Lifestyle Mistake #2: Too Much TV Time: Many people are in the habit of sitting in front of the TV for hours on end after a stressful day at work. Yes, you may be worn out and need a break, but sitting on the couch, zoned out, watching TV is not the way to lose inches.

If you must watch the evening news or see your favorite show, use the time to burn a few calories. Keep some hand weights next to the couch and work your biceps and triceps. Stand up and do some squats or lunges to work your legs and buttocks. Get on the floor and do some sit-ups to tone your abs or push-ups to tone your arms.

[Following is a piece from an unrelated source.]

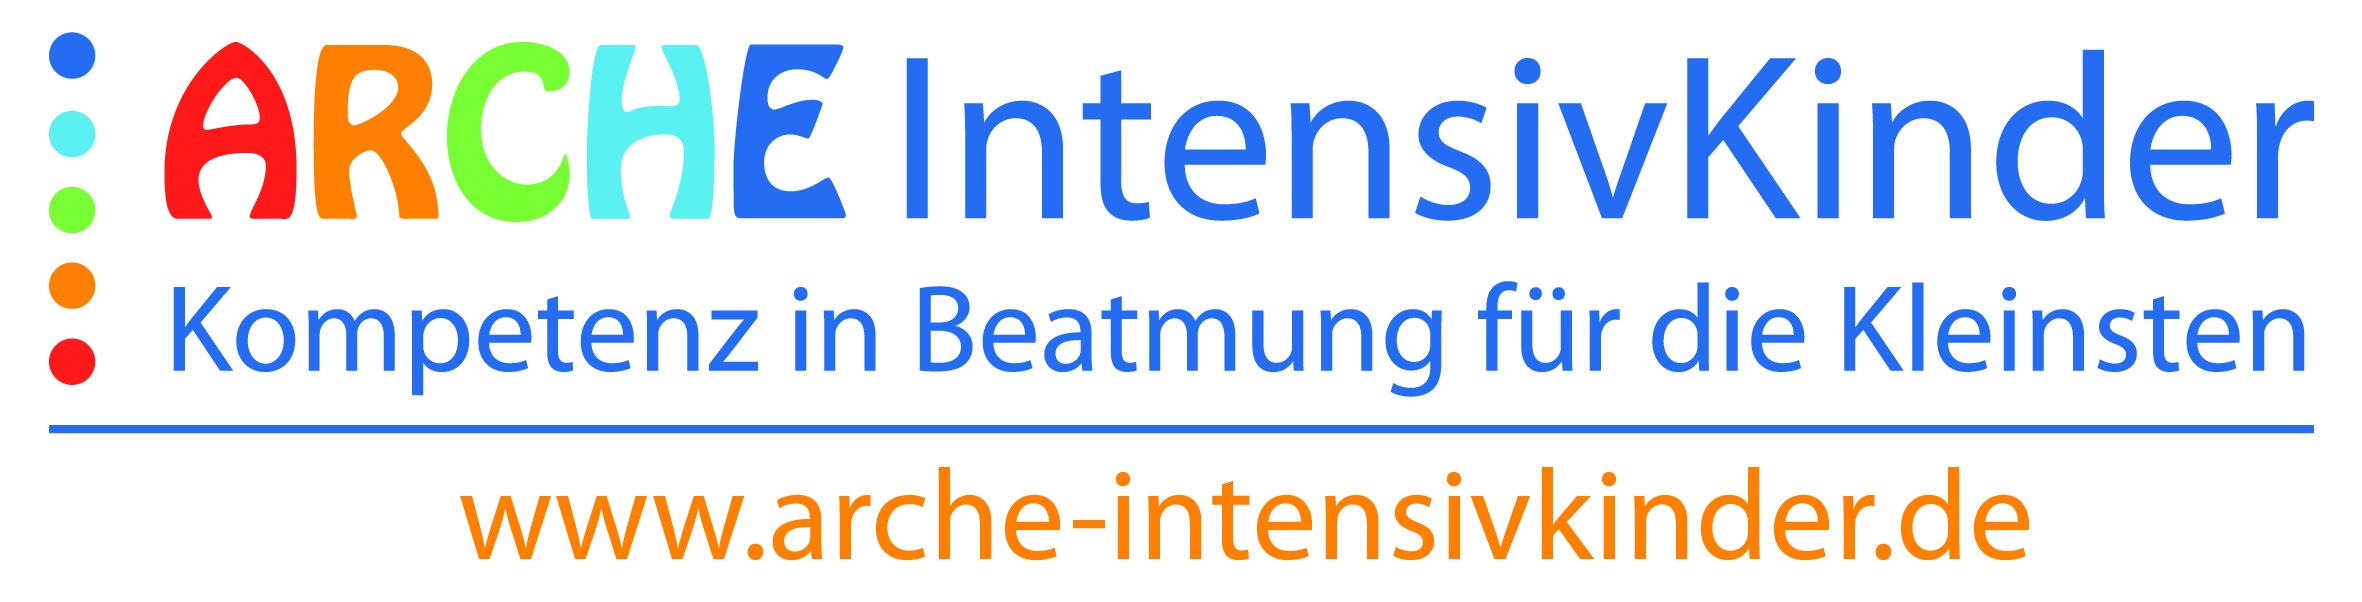 Logo_neuer_Titel_g_web

Lifestyle Mistake #3: Skipping Breakfast. Want to know a secret to successful weight loss? Eat breakfast! Try cutting calories by skipping breakfast, and you’ll be excessively hungry by mid-morning. As a result, the healthy calories you would have eaten at breakfast are replaced with calorie-filled snacks and an over-sized lunch.

Once again, fitting breakfast into your busy schedule may mean dramatic lifestyle changes. But research shows that the habit of eating a healthy breakfast is key to losing weight and keeping pounds off. Get to bed 30 minutes earlier than usual and set your alarm 10 minutes earlier to give yourself time to eat breakfast.